Comment j’ai (mal) vécu mon internat

Le manque de rigueur :

Pour plaisanter, je racontais souvent que l’école et mes études ne m’avaient pas donné ce dont j’avais besoin. Car depuis les instituteurs de l’école primaire jusqu’à mes chefs de service, on me racontait toujours la même chose :

« Tu manques de Rigueur ».

S’est développée, martelée par des années de répétition, la croyance que je ne pouvais pas faire les choses de manière « organisée », que je ne pouvais pas être « carré », et chaque fois que l’on me disait qu’il fallait être rigoureux, je me disais que j’étais « sans espoir », et qu’il fallait faire différemment ou autre chose…

Je me disais, au cours de mes études, que peut-être je n’avais pas bien choisi ma voie : Pour la médecine, il faut de la rigueur.
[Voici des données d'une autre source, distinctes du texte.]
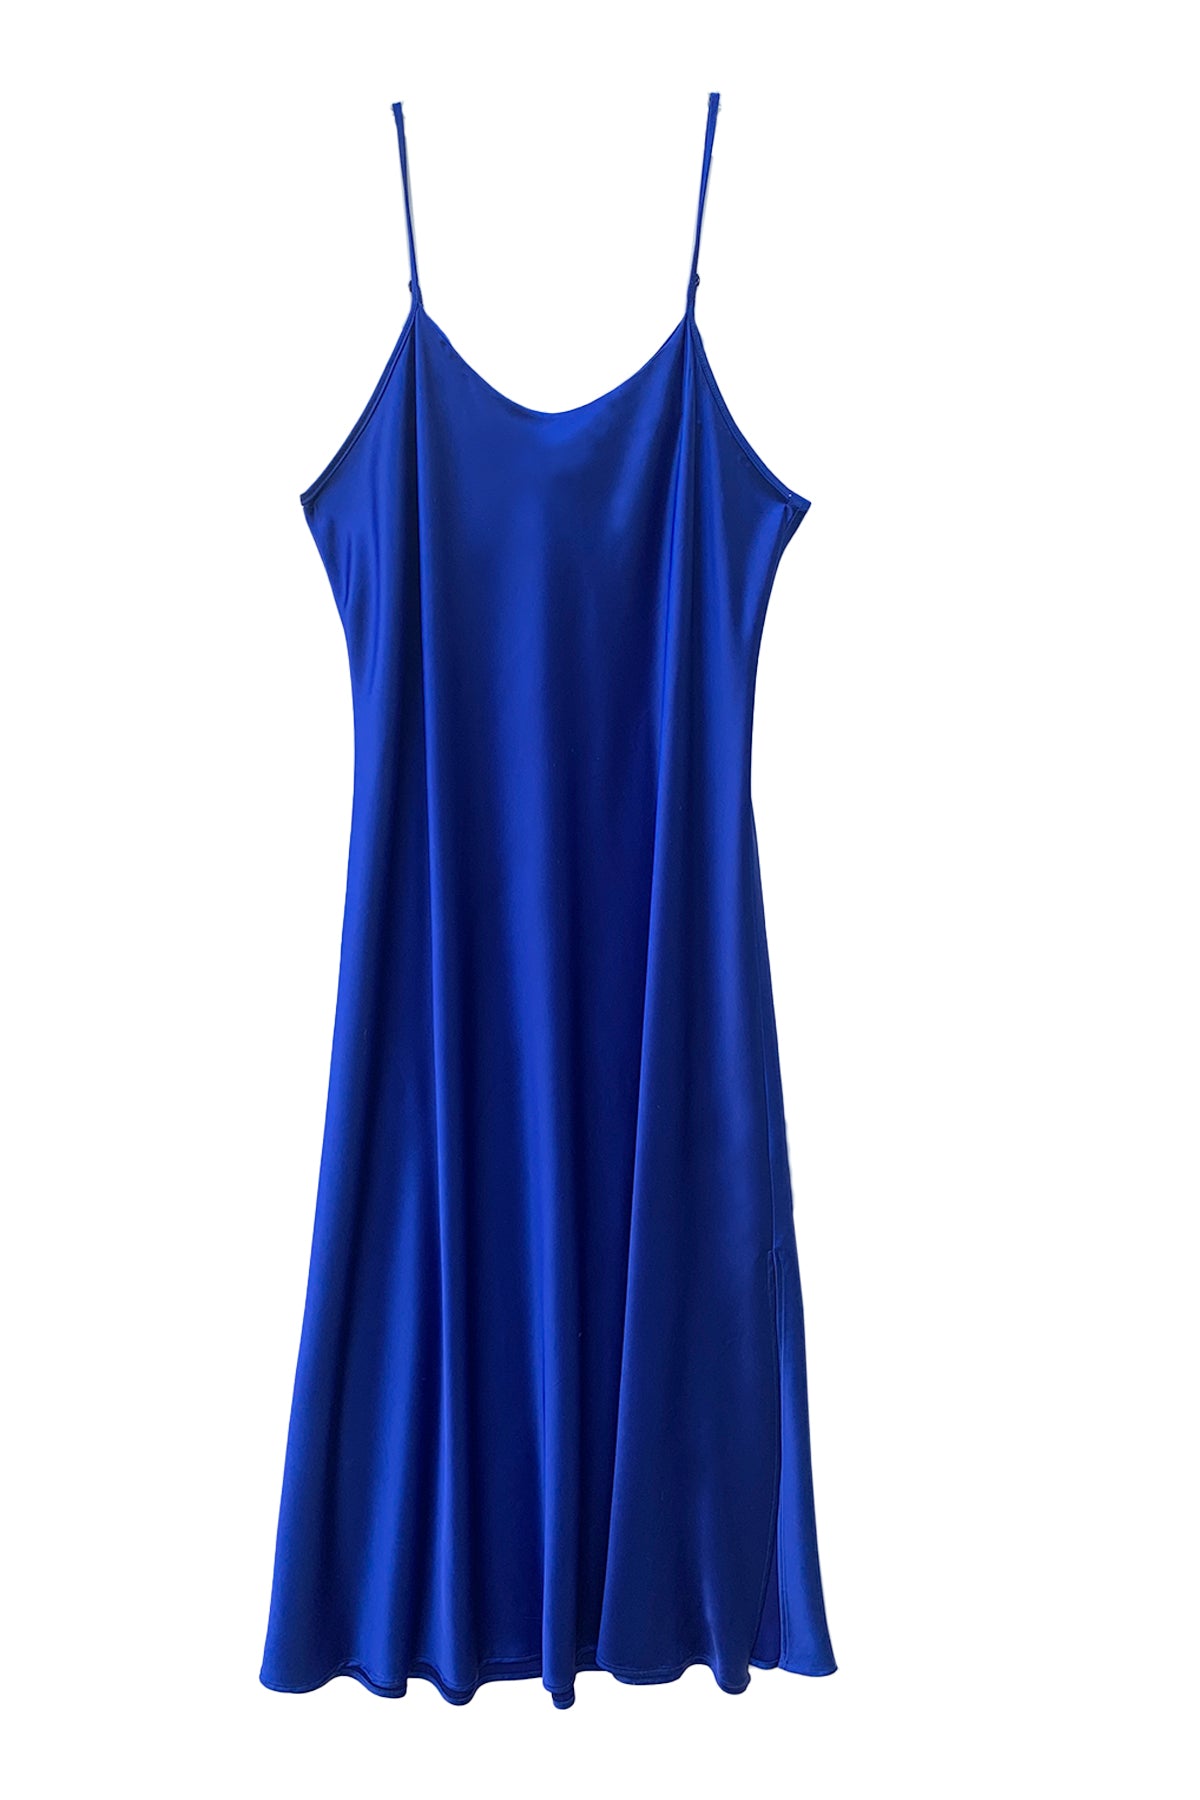 flat of leah dress in cobalt
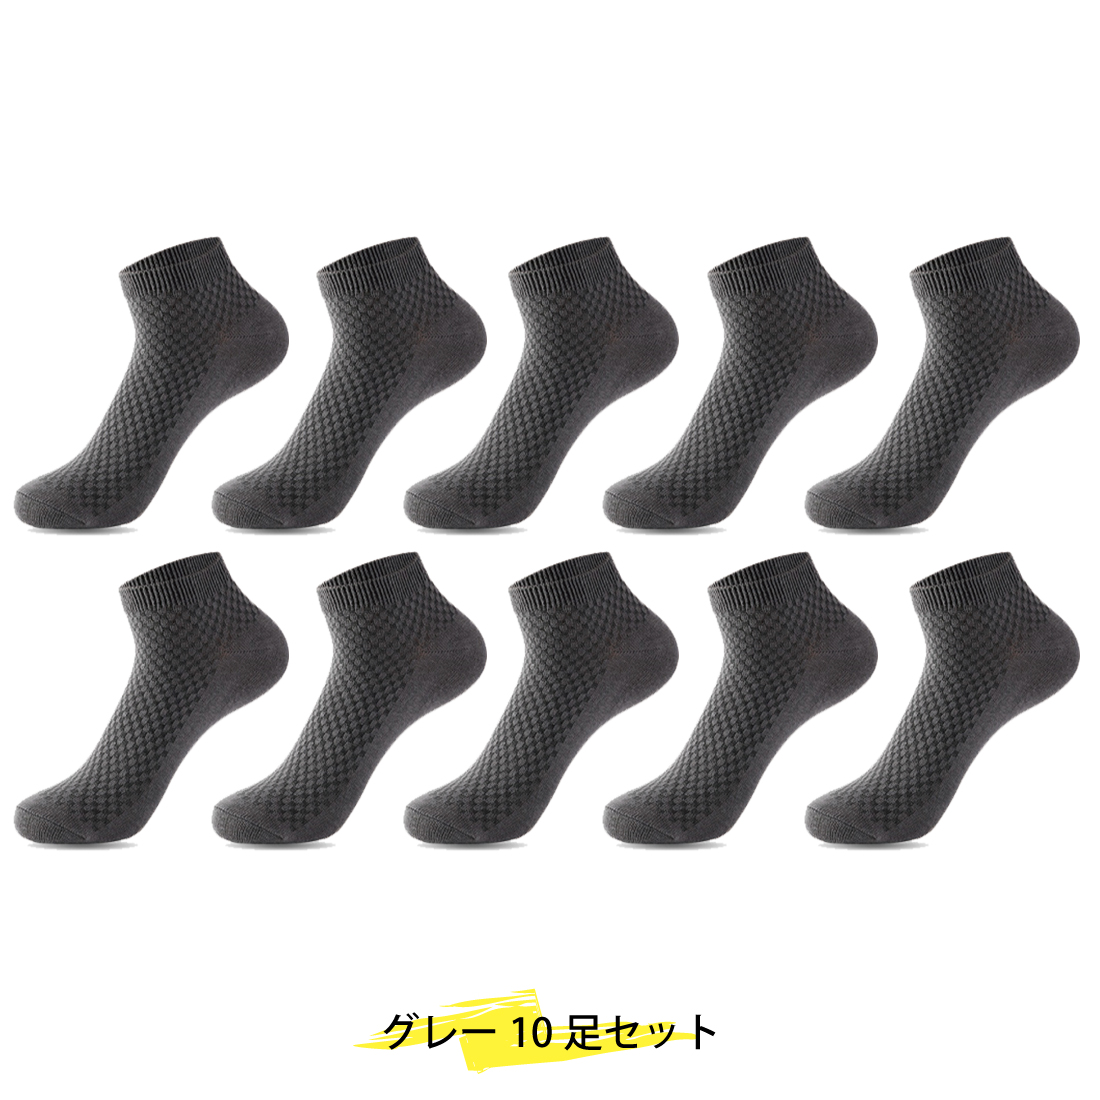 [10足セット]ソックス メンズ 靴下 消臭 竹繊維 抗菌 アンクル ショート

Si je n’avais pas fait médecine, peut être que j’aurais pu faire quelque chose de plus libre, travailler avec les mots, l’expression, la créativité. Peut être plutôt coach ou enseignant ?

Se noyer n’apprend pas à nager :

J’ai commencé mon internat en hôpital de jour d’oncologie digestive, où j’ai prescrit des chimiothérapies avec des protocoles déjà pré-établis pour des patients.

Le premier traitement que j’ai prescrit lors de mon internat était donc un « FOLFIRINOX », association de médicaments de chimiothérapie.

Autant vous dire que dans ma tête, ma responsabilité était grande. J’avais peur de faire les mauvais choix, peur de ne pas avoir vu une information importante, peur d’oublier ce qui est capital. Peur que, dans mon manque d’organisation et de rigueur, les patients en paient le prix.

J’avais peur de prendre la moindre décision et je reportais à plus tard les problèmes pour ne pas faire d’erreur.

Après plusieurs heures ou plusieurs jours, contre toute attente, la situation ne s’était pas améliorée d’elle même…

Je ressentais que mes chefs et mes co-internes voulaient être présents pour m’aider mais je ne me sentais pas aidé, et je me disais que j’étais pas normal, que les gens « normaux » réussissent habituellement…

On me conseillait de mieux nager alors que j’étais en train de me noyer, incapable d’entendre

Rentrant chez moi à plus de 20h00 chaque jour, je me disais :

  • Dans les premières semaines, que « je vais progresser », que « avec le temps ça va aller », « c’est dur mais c’est normal au début »… Je répétais des phrases prononcées par mes co-internes et chefs qui se voulaient bienveillants, mais que je ne croyais pas.
  • Et au cours du temps que je ne voulais pas y retourner demain, que de toutes façons ça ne servait à rien pour ma formation, et que « comme je suis dangereux il vaut mieux que j’arrête ».

Je remplissais mes heures libres avec des pizzas et des jeux vidéos, qui me permettaient de tenir sur le coup. Mais au final, cela ne me permettait pas de me sentir mieux à postériori, et même cela me montrait que je m’éloignait de ce que je voulais devenir.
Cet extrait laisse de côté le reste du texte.